YOUR OBJECTIVE: In the material below, the line holding "Top Travel Blog" and every line after it should be reproduced exactly, please, with pictures omitted.

DATA PROVIDED:
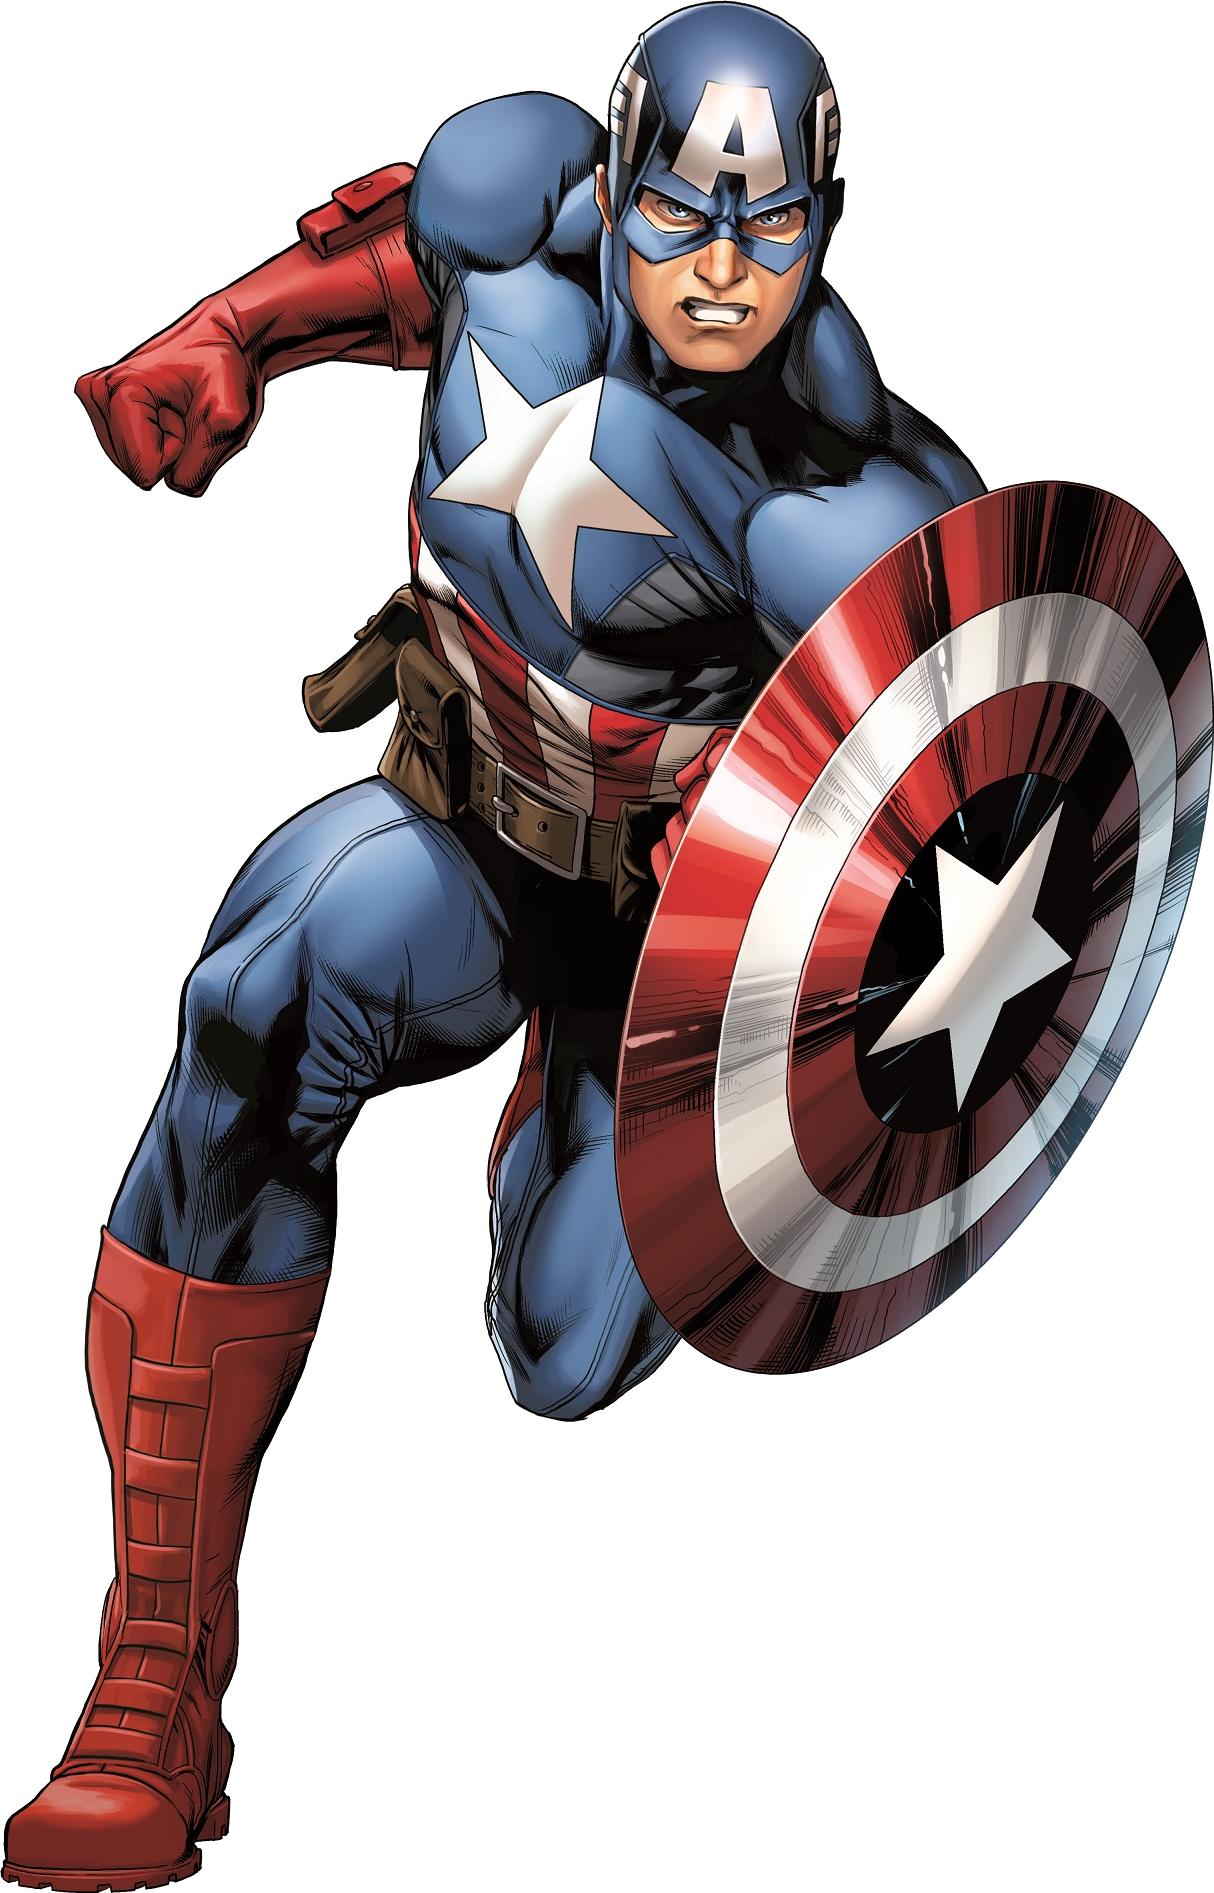 Captain america png image purepng free transparent cc0 png image library - Image captain america ...
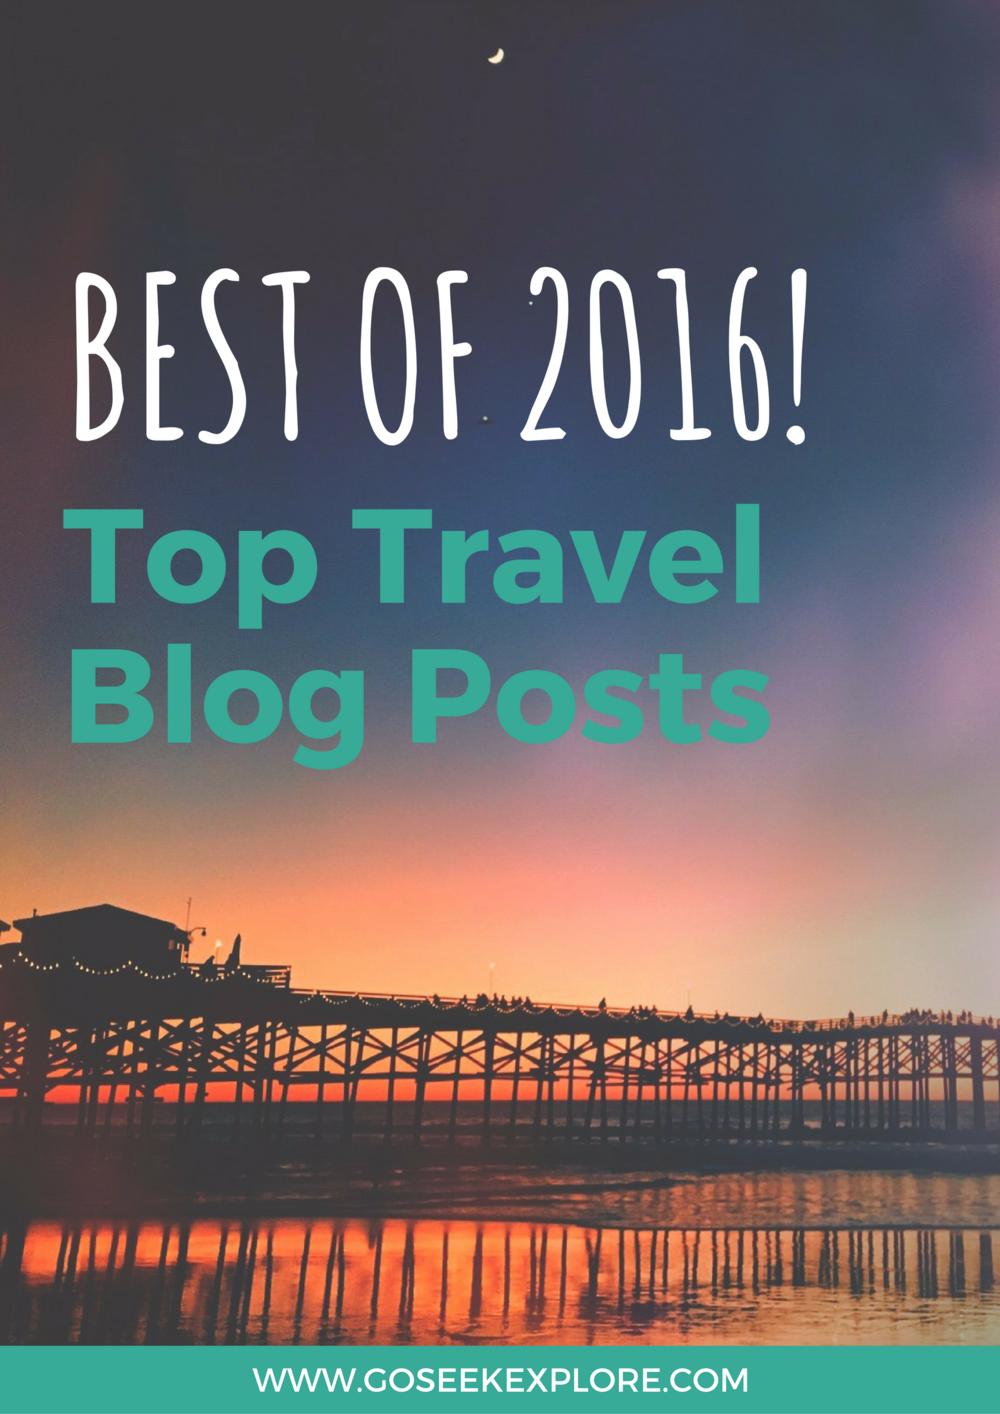 Top Travel Blog Posts on Go Seek Explore in 2016
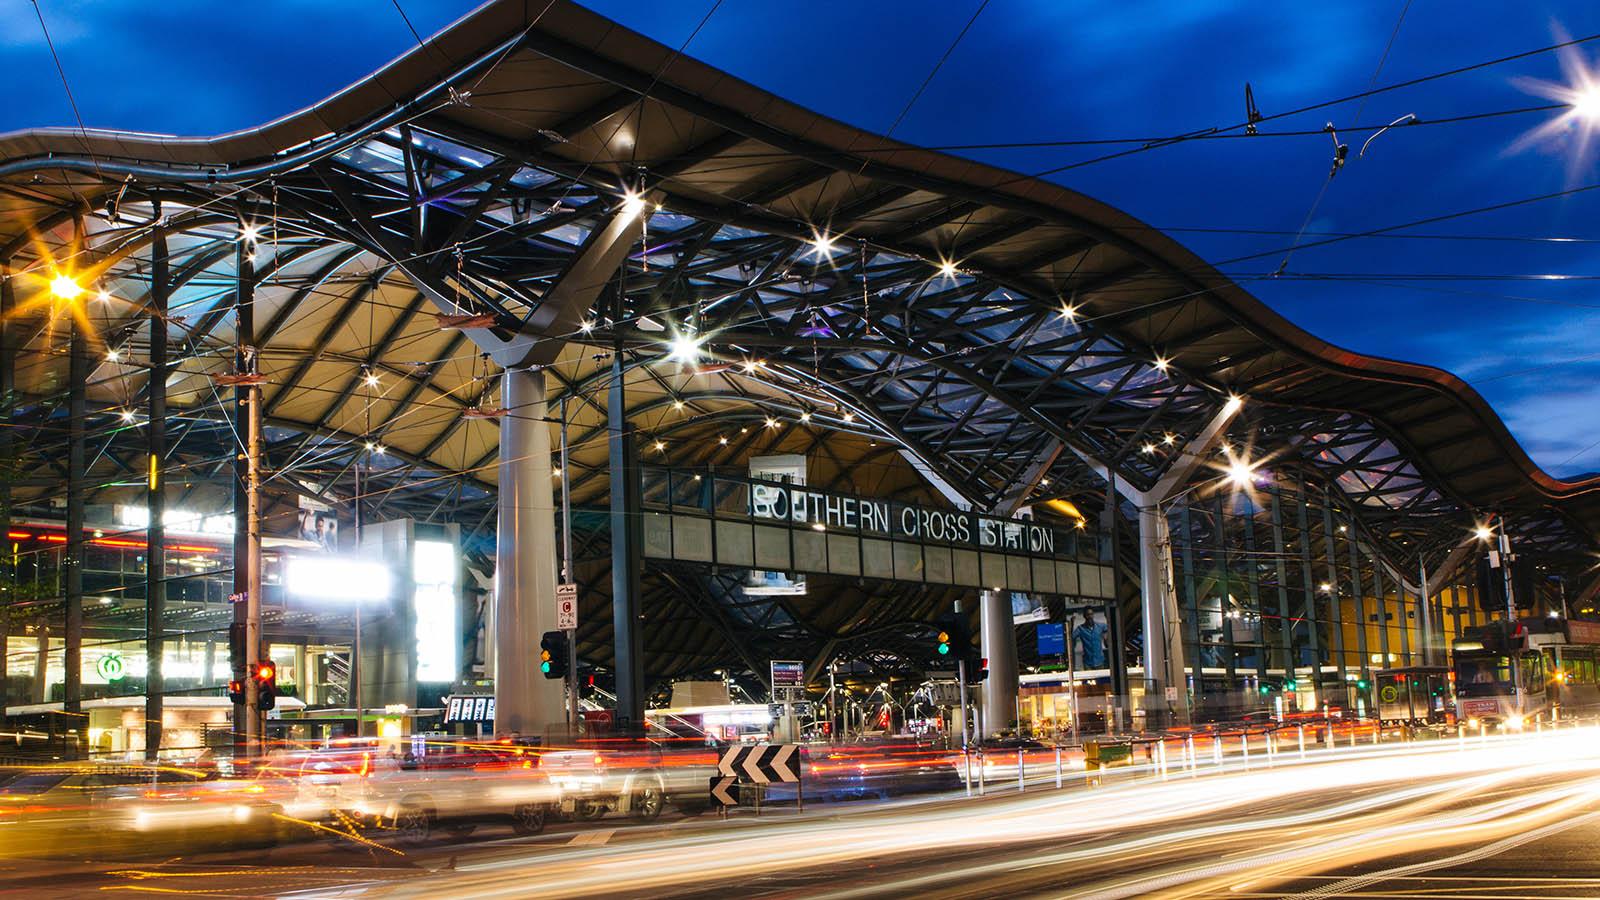 Southern Cross Station, Melbourne, Victoria, Australia

OUTPUT FOR THIS EXERCISE:
 Top Travel Blog Posts on Go Seek Explore in 2016
 Southern Cross Station, Melbourne, Victoria, Australia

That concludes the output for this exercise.